It is typically thought that the diets of H. habilis and other early Homo had a greater proportion of meat than Australopithecus, and that this led to brain growth. The main hypotheses regarding this are: meat is energy- and nutrient-rich and put evolutionary pressure on developing enhanced cognitive skills to facilitate strategic scavenging and monopolise fresh carcasses, or meat allowed the large and calorie-expensive ape gut to decrease in size allowing this energy to be diverted to brain growth. Alternatively, it is also suggested that early Homo, in a drying climate with scarcer food options, relied primarily on underground storage organs (such as tubers) and food sharing, which facilitated social bonding among both male and female group members. However, unlike what is presumed for H. ergaster and later Homo, short-statured early Homo are generally considered to have been incapable of endurance running and hunting, and the long and Australopithecus-like forearm of H. habilis could indicate early Homo were still arboreal to a degree. Also, organised hunting and gathering is thought to have emerged in H. ergaster. Nonetheless, the proposed food-gathering models to explain large brain growth necessitate increased daily travel distance.[36] It has also been argued that H. habilis instead had long, modern humanlike legs and was fully capable of effective long distance travel, while still remaining at least partially arboreal.[16]

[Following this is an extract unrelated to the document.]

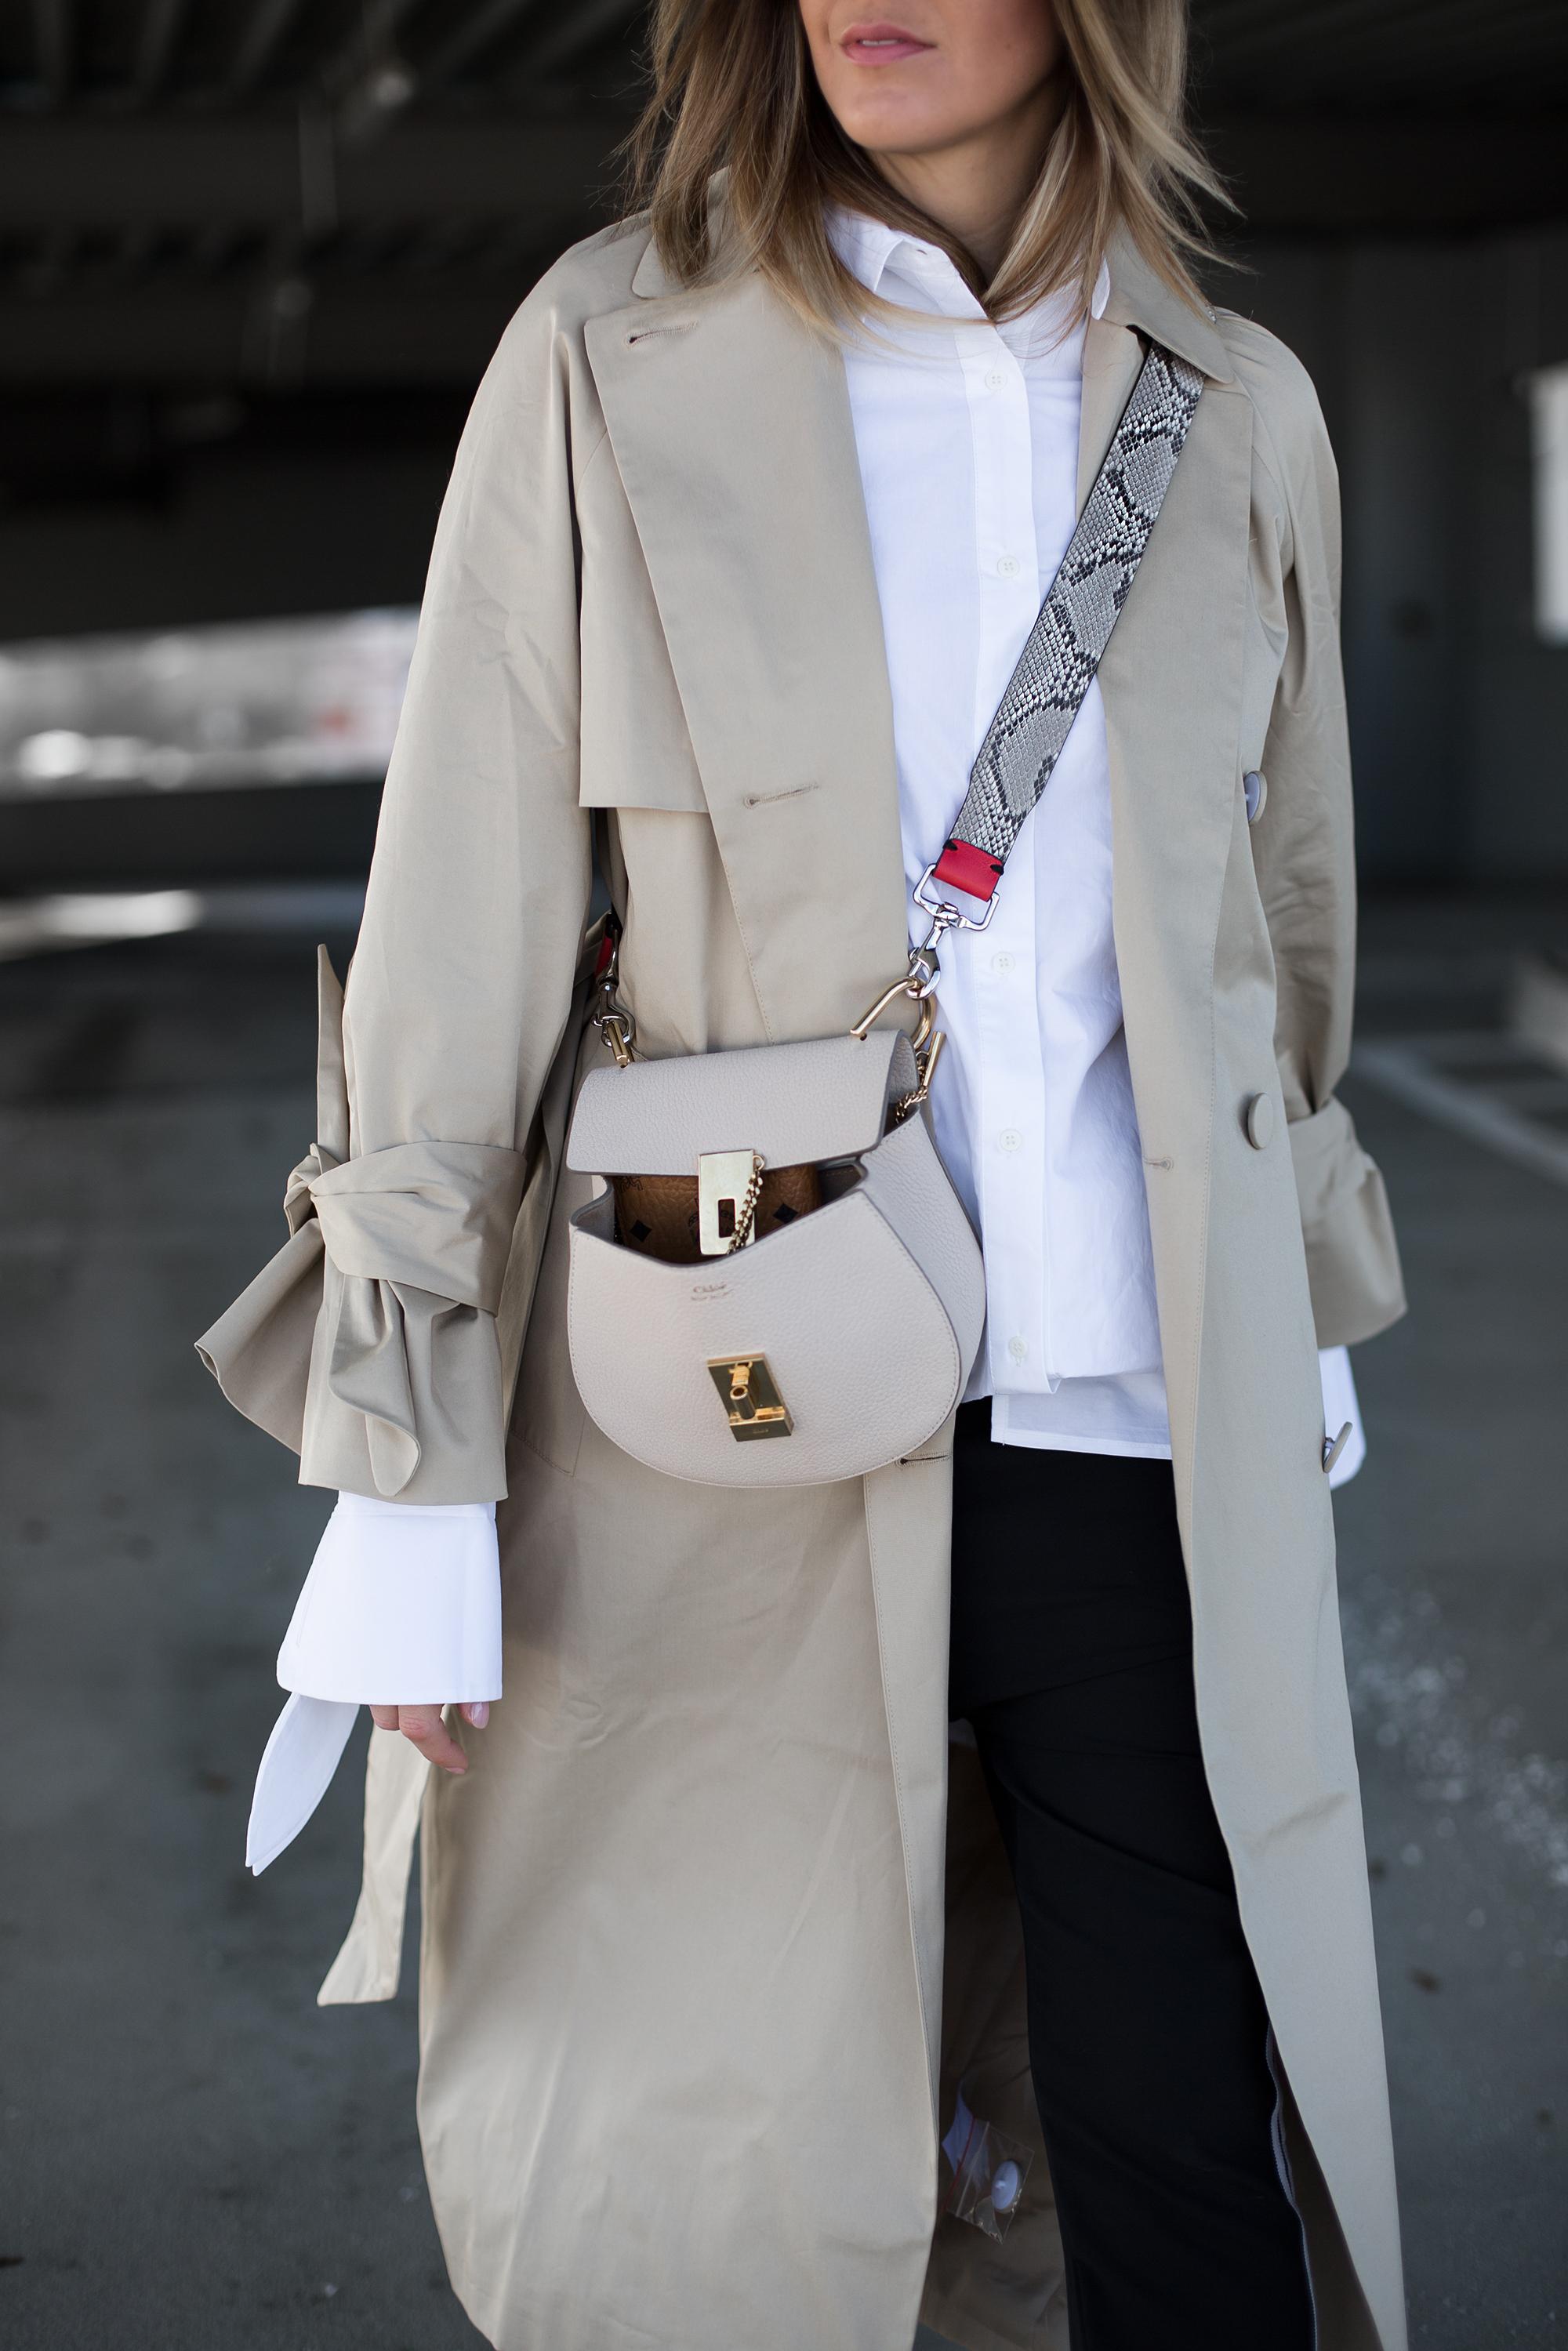 black-palms-fashionblog-streetstyle-gucci-princetown-chloe-drew-edited-trenchcoat-8

Large incisor size in H. habilis compared to Australopithecus predecessors implies this species relied on incisors more. The bodies of the mandibles of H. habilis and other early Homo are thicker than those of modern humans and all living apes, more comparable to Australopithecus. The mandibular body resists torsion from the bite force or chewing, meaning their jaws could produce unusually powerful stresses while eating. The greater molar cusp relief in H. habilis compared to Australopithecus suggests the former used tools to fracture tough foods (such as pliable plant parts or meat), otherwise the cusps would have been more worn down. Nonetheless, the jaw adaptations for processing mechanically challenging food indicates technological advancement did not greatly affect diet.[37]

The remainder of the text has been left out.